**INFORMATION PROVIDED**
((

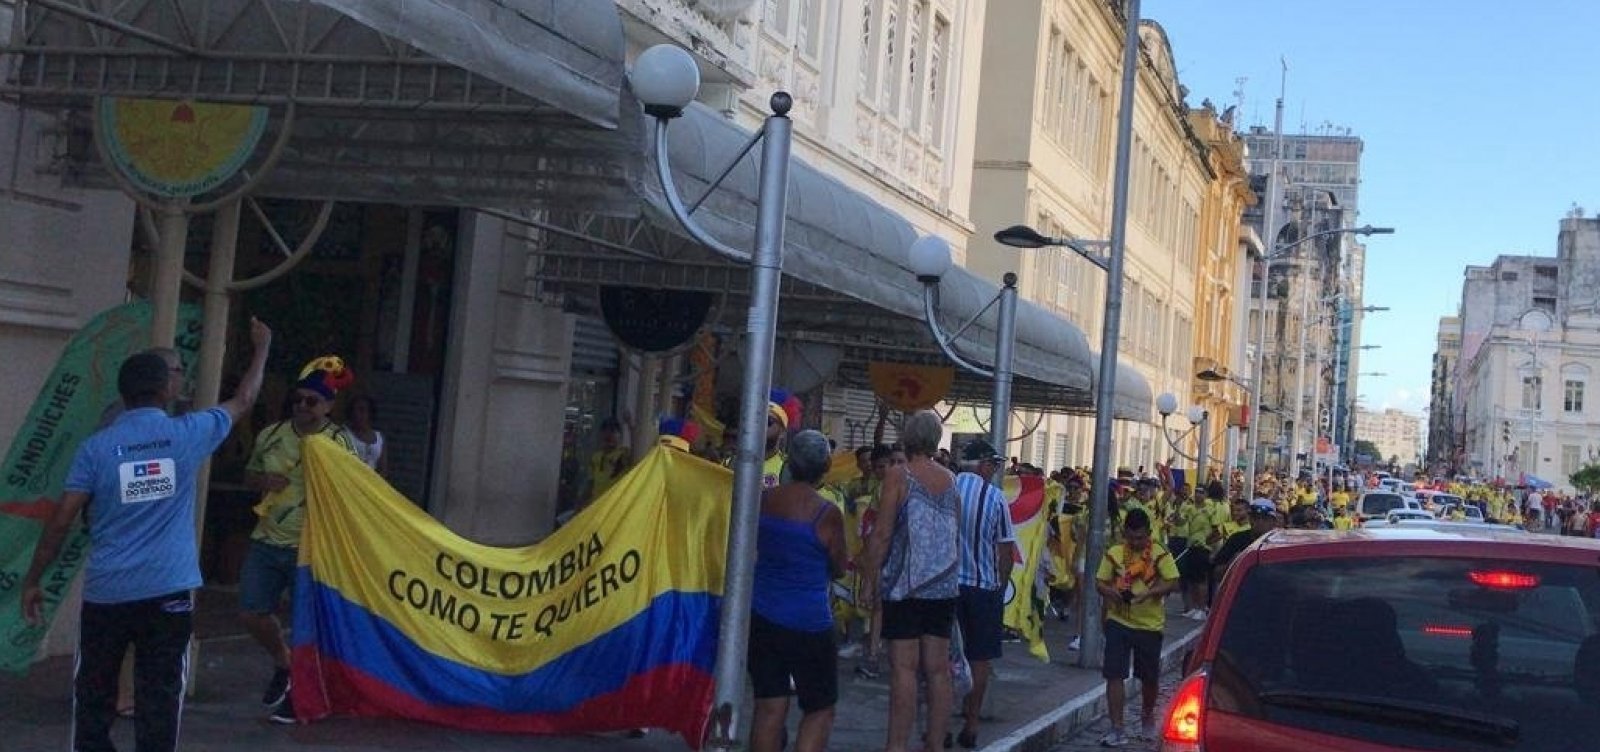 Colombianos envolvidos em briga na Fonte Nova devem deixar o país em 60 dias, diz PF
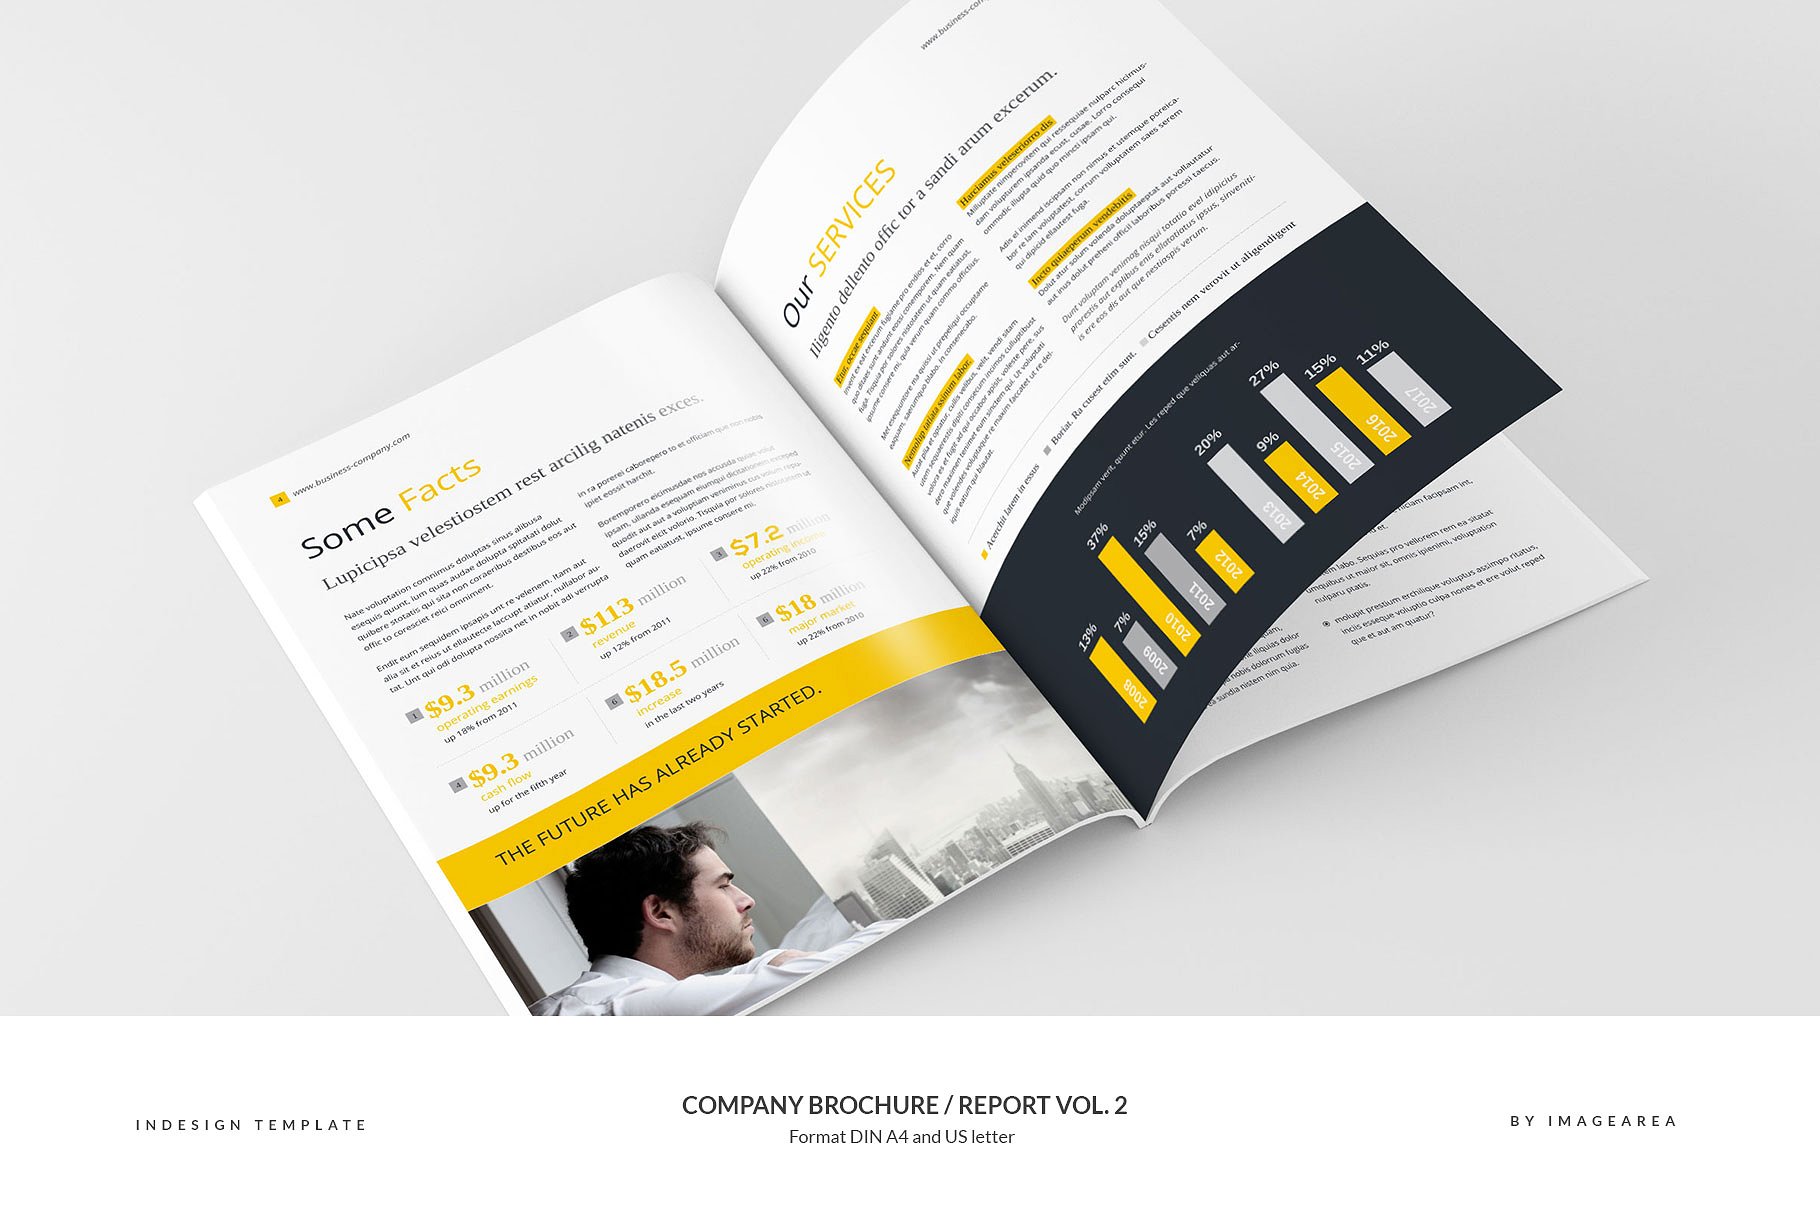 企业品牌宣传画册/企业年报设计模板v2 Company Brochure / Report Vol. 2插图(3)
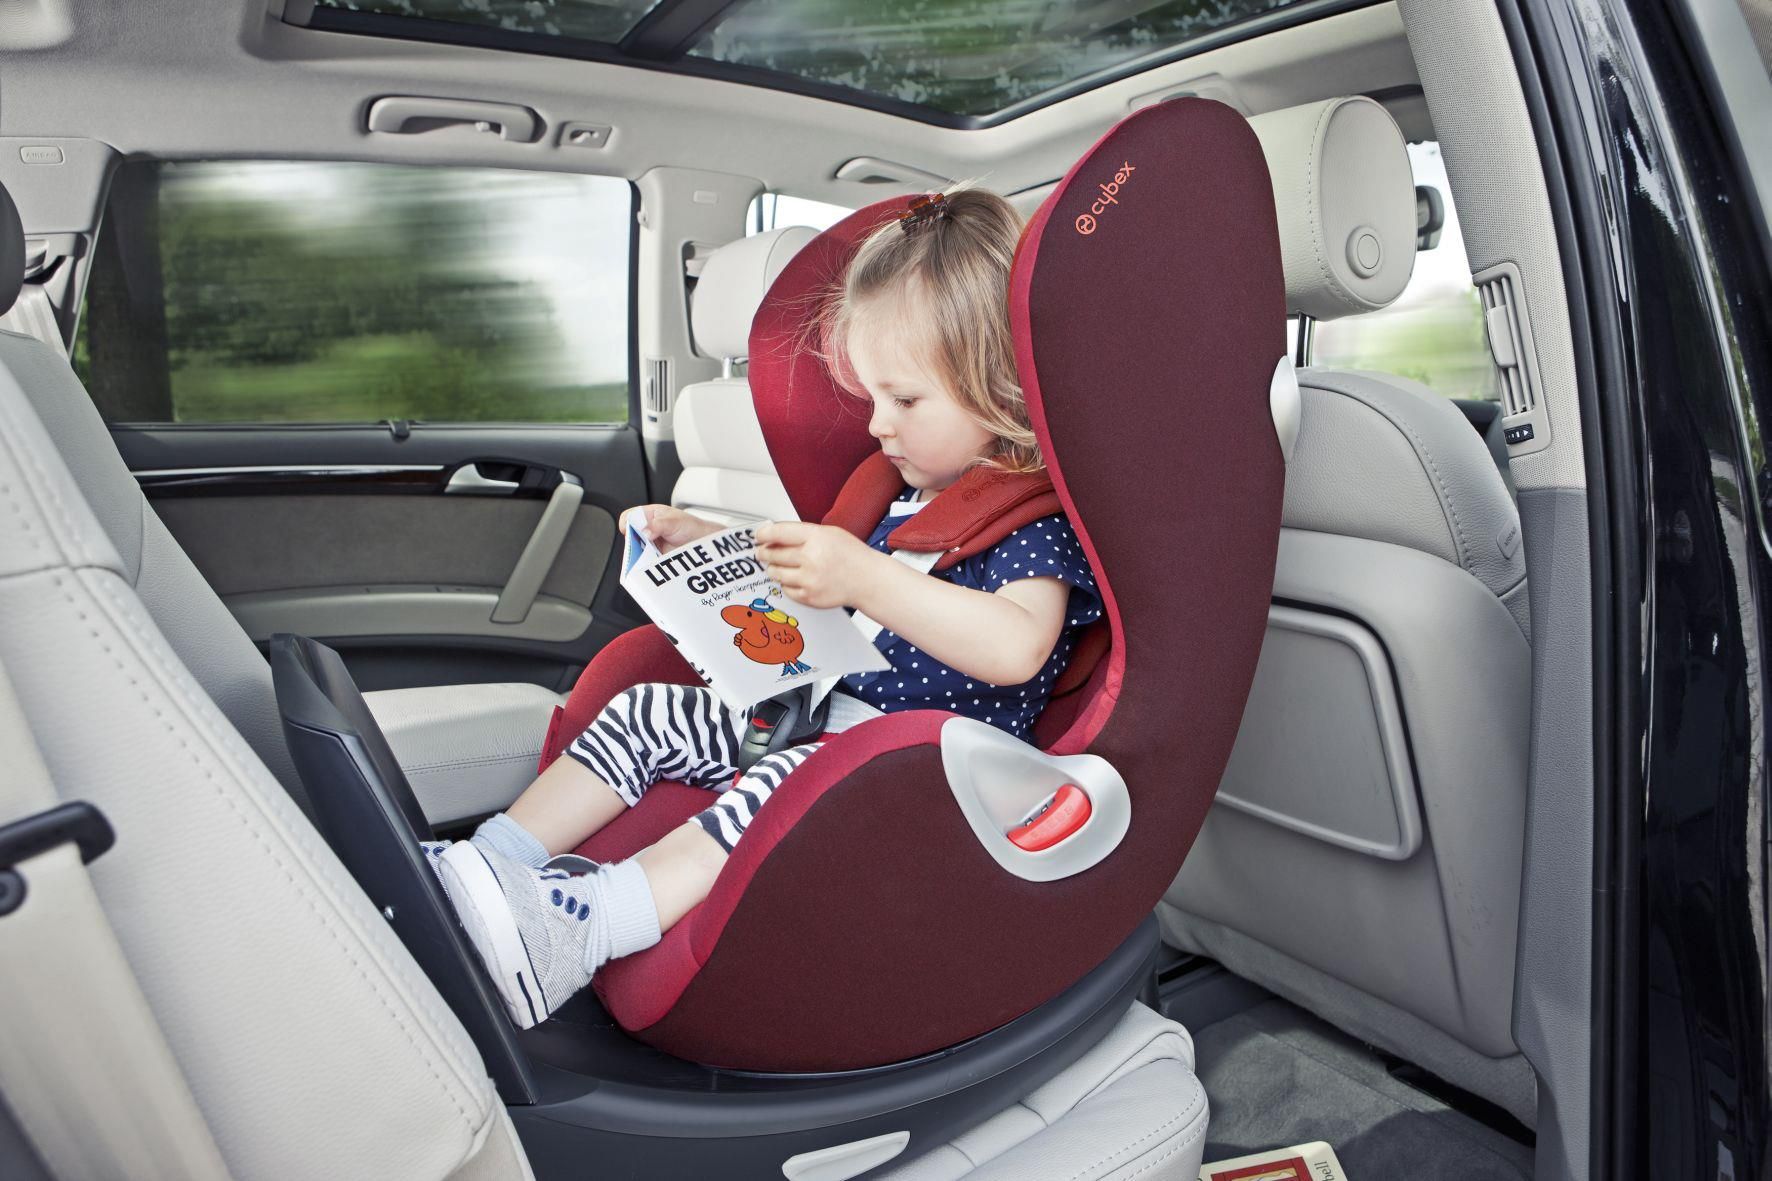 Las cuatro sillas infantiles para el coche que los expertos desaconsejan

))

**WHAT TO PRODUCE**
Once the line with "企业品牌宣传画册/企业年报设计模板v2 Company Brochure" is found, output it and every line after it through the end of the listing, exactly, without pictures.

**ANSWER TO THIS EXERCISE**
 企业品牌宣传画册/企业年报设计模板v2 Company Brochure / Report Vol. 2插图(3)
 Las cuatro sillas infantiles para el coche que los expertos desaconsejan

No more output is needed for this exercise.